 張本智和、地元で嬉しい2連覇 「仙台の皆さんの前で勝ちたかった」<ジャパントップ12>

+++

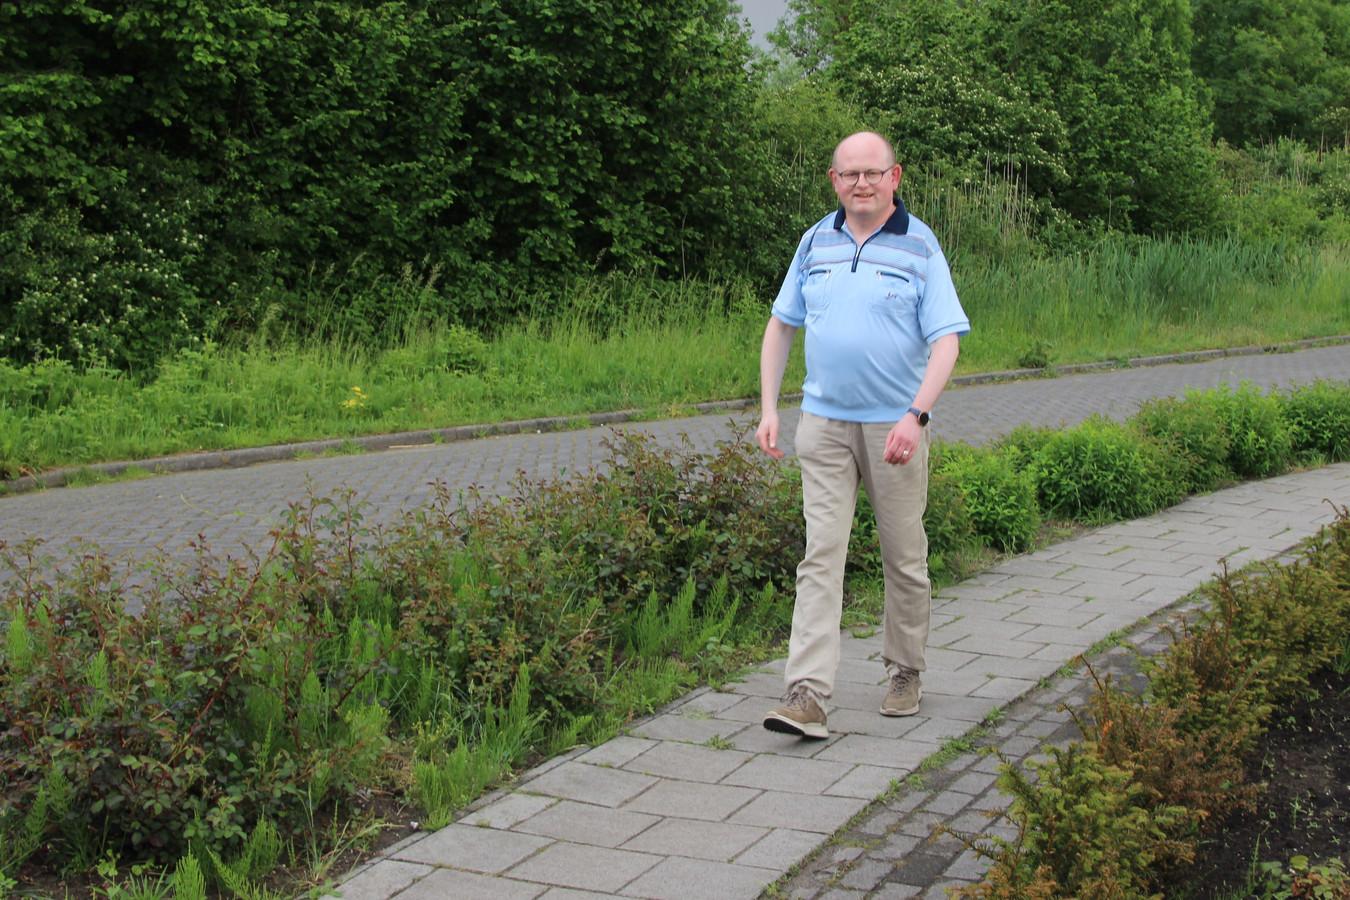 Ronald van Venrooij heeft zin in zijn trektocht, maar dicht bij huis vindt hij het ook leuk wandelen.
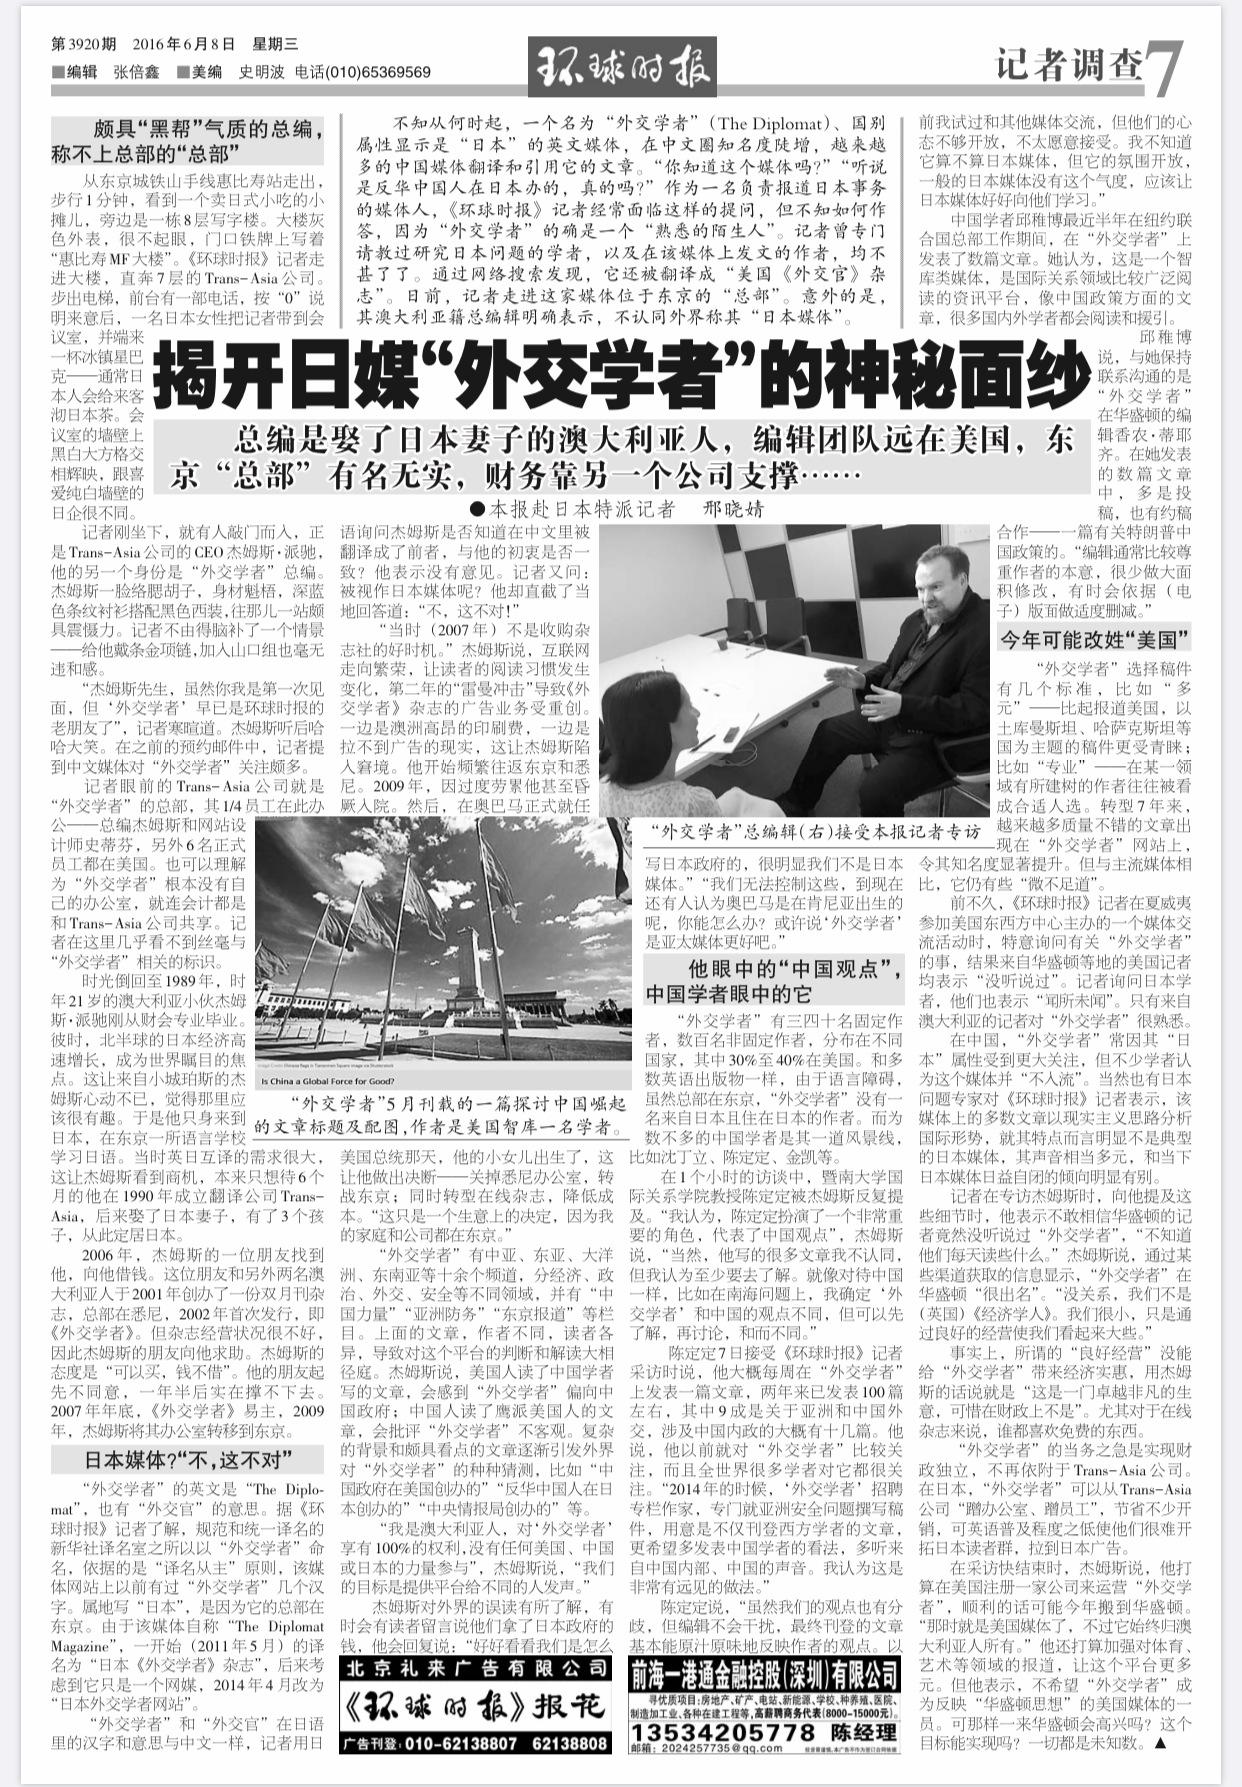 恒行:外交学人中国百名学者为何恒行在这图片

+++

- _Work to be completed_:
Write out word for word the lines of the listing above from the line with "Ronald van Venrooij" to the line with "恒行:外交学人中国百名学者为何恒行在这图片", taking in both of those lines but no pictures.

- _Response for this exercise_:
 Ronald van Venrooij heeft zin in zijn trektocht, maar dicht bij huis vindt hij het ook leuk wandelen.
 恒行:外交学人中国百名学者为何恒行在这图片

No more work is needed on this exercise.